North Carolina Republicans haven’t been subtle about their goals since embarking upon this path after the 2010 midterm elections. “I propose that we draw the maps to give a partisan advantage to 10 Republicans and three Democrats, because I do not believe it’s possible to draw a map with 11 Republicans and two Democrats,” a state lawmaker famously quipped during an earlier redistricting battle in 2016. (North Carolina gained a fourteenth seat after the 2020 census.)

Like every other state in the Union, North Carolina redrew its legislative maps after the 2020 census. Republican lawmakers, true to form, passed new district boundaries that would continue to entrench them in power. Their path had been cleared by the Supreme Court’s 2019 decision in Rucho v. Common Cause, which closed the door to Fourteenth Amendment challenges to partisan gerrymandering in federal courts.
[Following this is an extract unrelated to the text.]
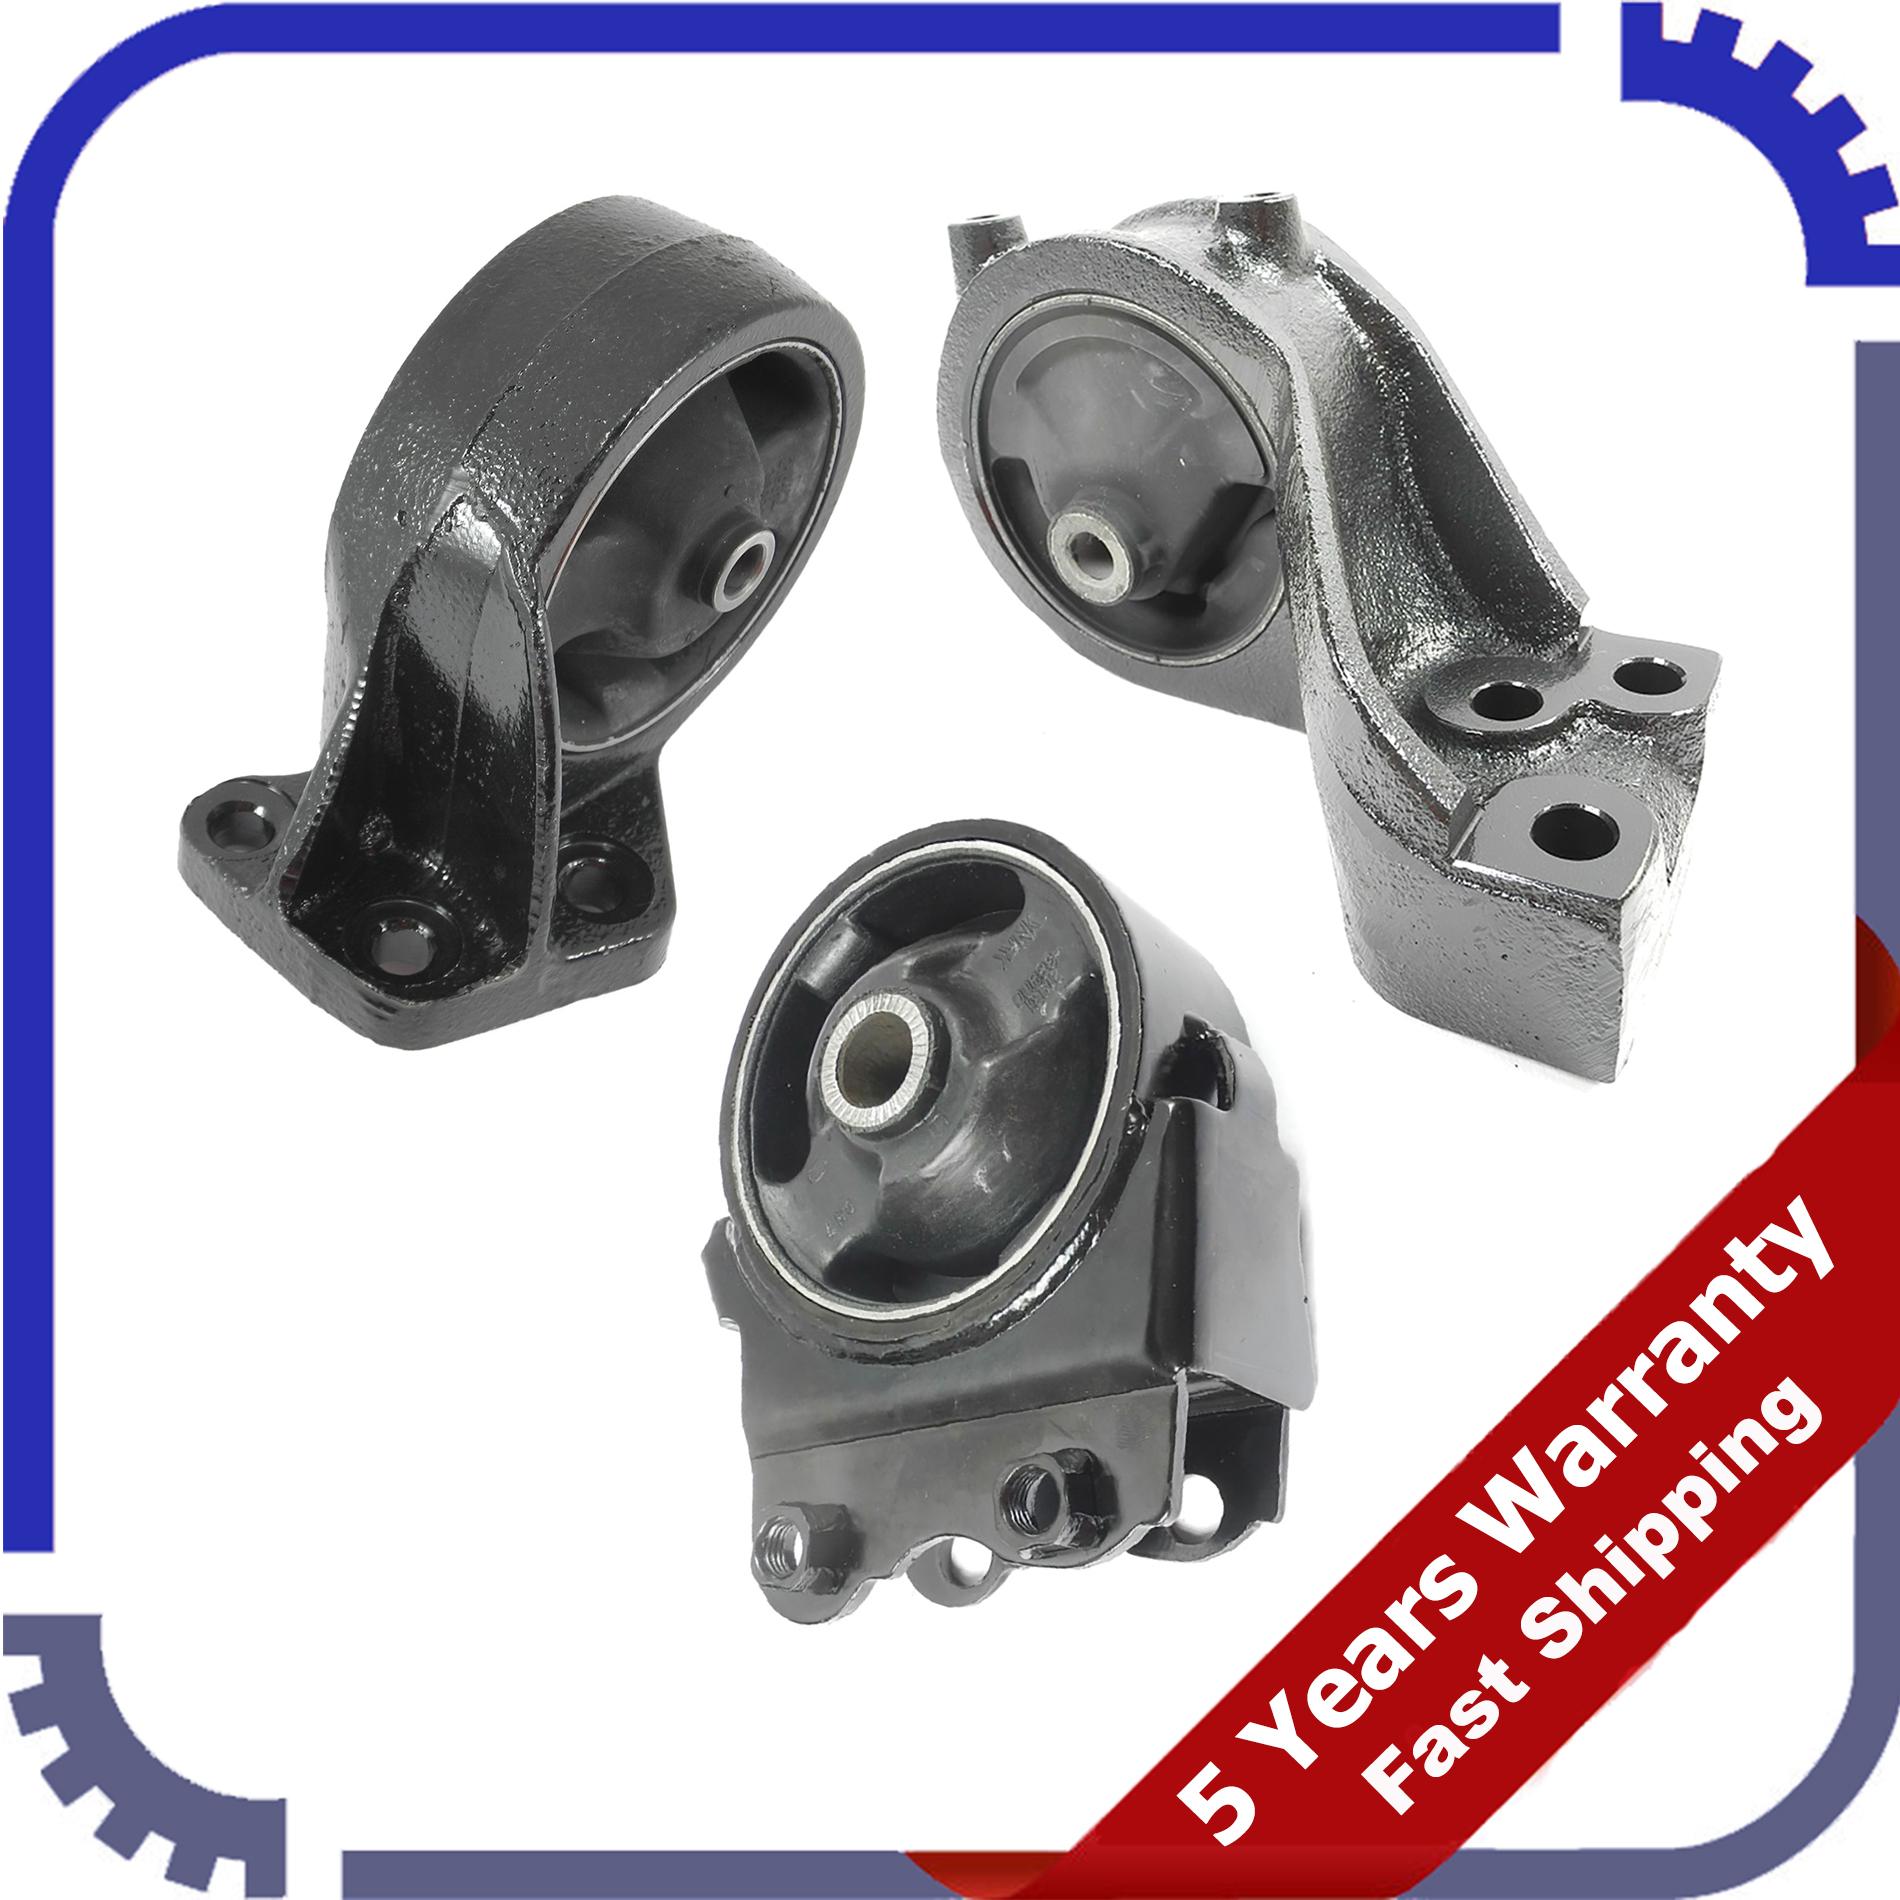 Motor Mount /& Auto Trans Mount 3PCS Kit for 02-05 Hyundai Sonata 2.4L//2.7L

That ruling effectively ended the legal battles that had dogged state lawmakers for most of the 2010s.

jackstraw97 on October 26th, 2023 at 16:07 UTC »

NC is where WI was a decade ago.

It can be reversed, but NC dems will have to actually show up and make sure that they never lose another state-wide race.

Specifically, the only reason this map won’t be struck down in state court is because the state Supreme Court flipped from a one-seat liberal majority to a 5-2 conservative majority.

There is a playbook to un-fuck these maps, and it is retaking the state’s high court, which (thankfully) is a state-wide elected office.

If voters can turn out strong, they can turn this around.

TurningTwo on October 26th, 2023 at 15:35 UTC »

And yet, it’s almost exclusively Republicans that cry about ‘stolen elections’.

Simmery on October 26th, 2023 at 15:02 UTC »

Thanks to more than a decade of extreme partisan gerrymandering, Republicans have an ironclad grip on the state legislature. That dominance has allowed them to effectively decide most of the state’s legislative races, both for the state Assembly and for Congress, before voters even cast a ballot.

What an incredibly stupid system we have. How far do Republicans think they can push this before people push back?